Pada masa Nabi saw ada seorang remaja bernama Zaid yang diculik oleh perampok dan dijual sehingga akhirnya jatuh ke tangan Nabi Muhammad saw. Nabi saw memperlakukannya secara amat baik. Sedemikian baik sehingga ketika dia ditemukan oleh orangtuanya, dan bermaksud menebusnya, Nabi bersedia mengembalikan remaja itu tanpa tebusan asal anak itu sendiri bersedia kembali ke orangtuanya. Ternyata sang anak lebih senang hidup bersama Nabi. Melihat seikap sang anak, Nabi memutuskan untuk menjadikannya sebagai anak, lalu menamainya Zaid bin Muhammad, dan memberlakukan atasnya adat kebiasaan masyarakat ketika itu, yakni memberinya hak-hak waris.

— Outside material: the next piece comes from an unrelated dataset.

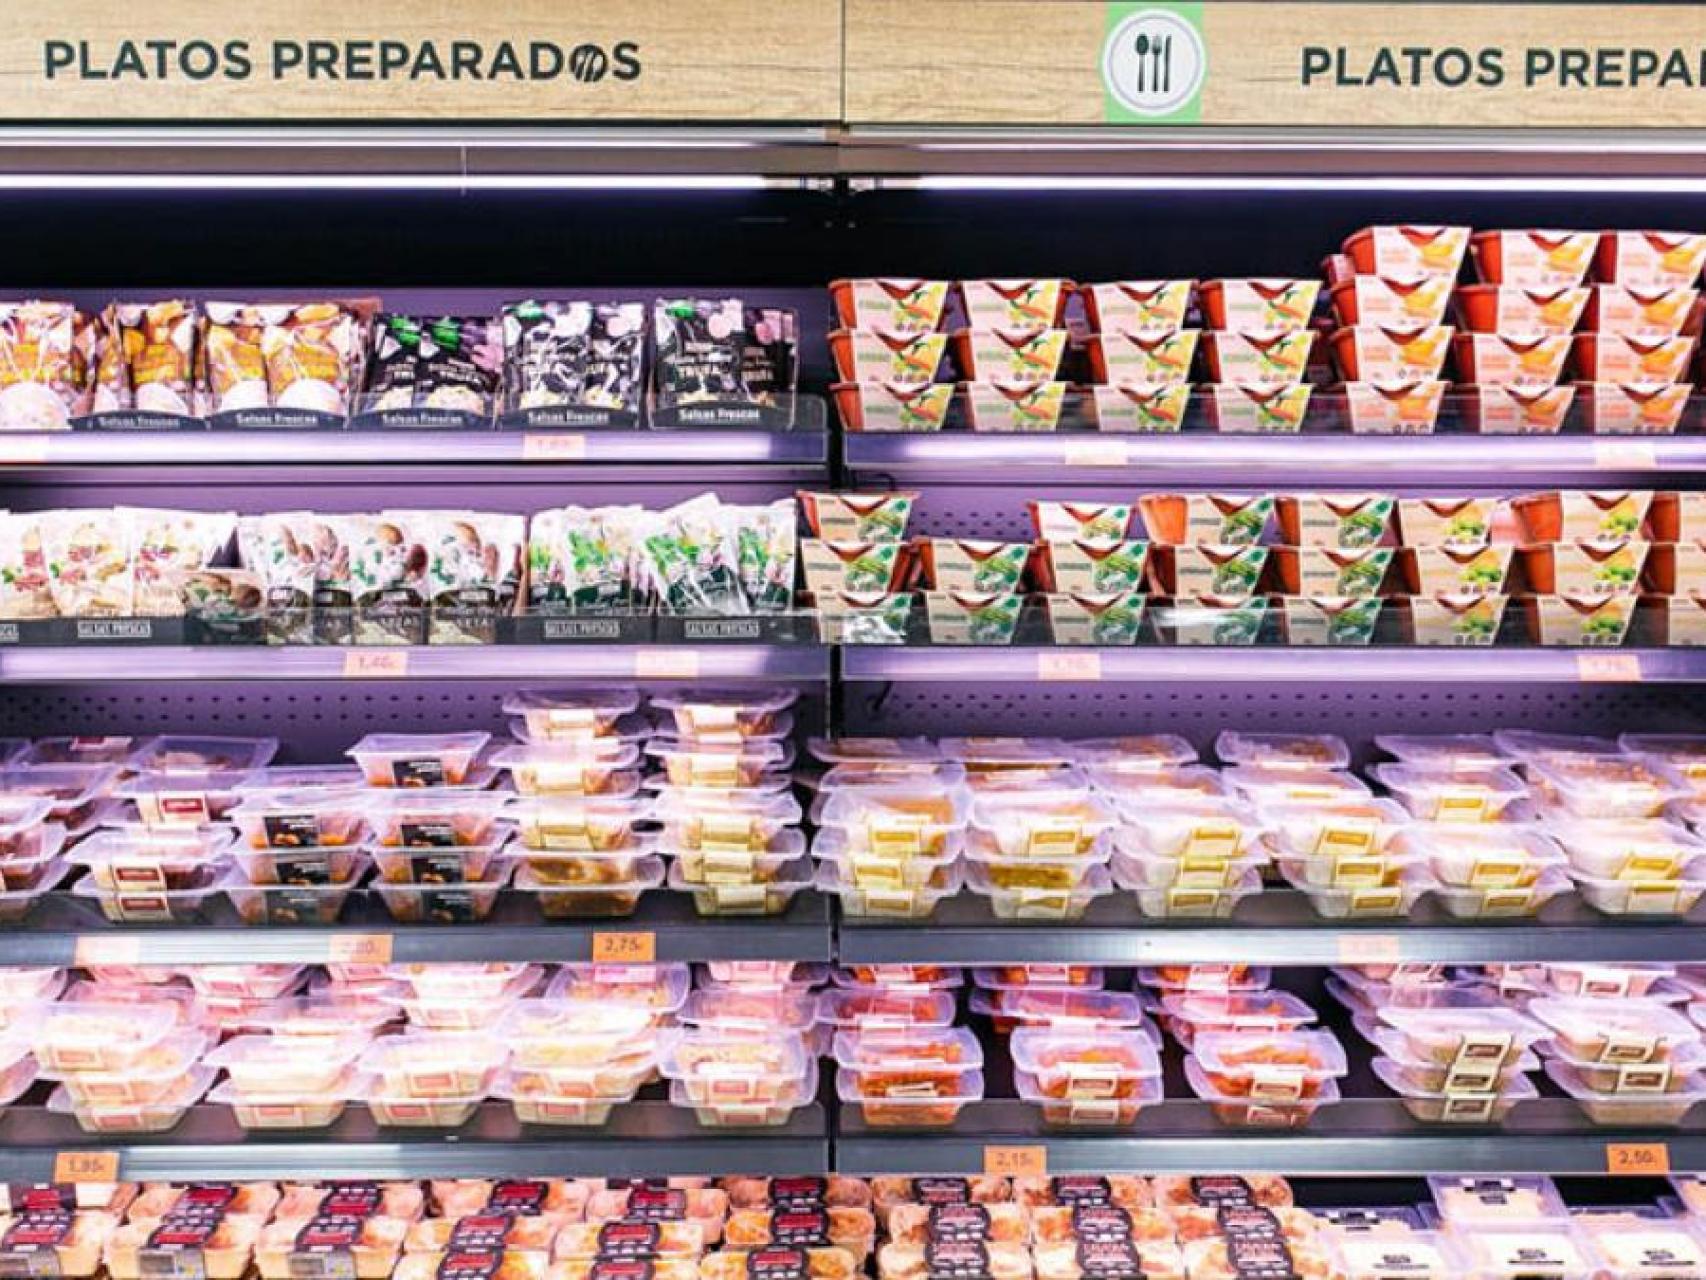 El «listo para comer» gana cada vez más protagonismo en los supermercados
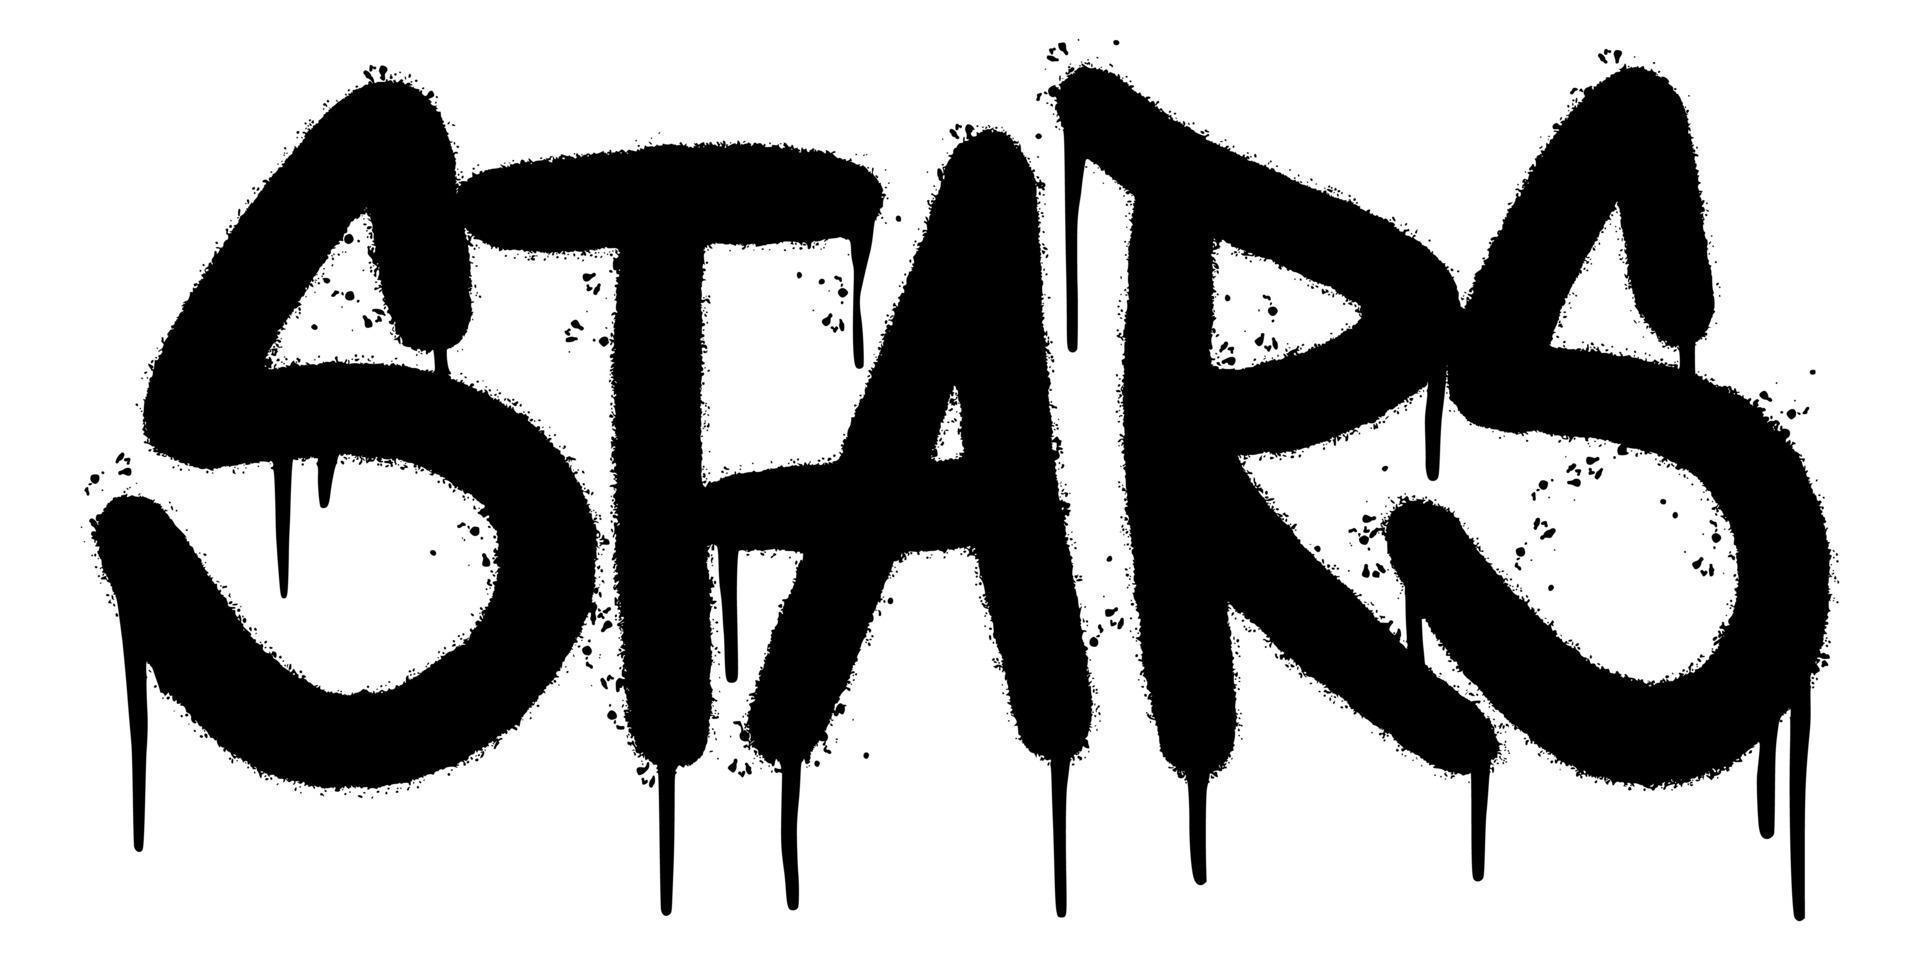 graffiti stjärnor ordet sprutas isolerad på vit bakgrund. besprutade stjärnor teckensnitt graffiti. vektor illustration.

Ketetapan Nabi ini dibatalkan oleh al-Qur’an, antara lain dengan turunnya firman Allah Q.S al-Anfal ayat 75,
“… Orang-orang yang mempunyai hubungan kerabat sebagian mereka lebih berhak terhadap sebagian lainnya (untuk memperoleh warisan) daripada yang bukan kerabat …”
Dalam Q.S al-Ahzab ayat 4 – 5 ditegaskan pula,
“… dan Dia (Allah) tidak menjadikan anak-anak angkatmu (sama hak dan statusnya dengan) anak-anak kandungmu. Yang demikian itu hanya ucapanmu di mulut saja. Allah mengatakan yang sebenarnya dan Dia menunjukkan jalan yang benar. Panggillah mereka dengan (memakai) nama bapak-bapak mereka. Itulah yang lebih adil di sisi Allah …”
Pembatalan ini bahkan dipertegas lagi oleh Allah Swt dengan turunnya perintah kepada Nabi Muhammad saw untuk mengawini bekas istri Zaid (anak angkatnya itu) sebagaimana tercantum dalam Q.S al-Ahzab ayat 37.
Bahwa anak angkat tidak mendapatkan hak waris menurut ketentuan agama, bukan berarti orangtua angkat menyia-nyiakannya, karena Islam membuka kesempatan bagi orangtua angkat untuk memberikan sebagian dari harta yang akan ditinggalkannya kepada anak angkat melalui pintu wasiat. Hal ini dengan syarat bahwa jumlah harta yang diwasiatkan itu tidak melebihi sepertiga dari harta yang ditinggalkannya.
M. Quraish Shihab dalam 1001 Soal Keislaman Yang Patut Anda Ketahui (Tangerang Selatan: Lentera Hati, 2014), 576 – 578.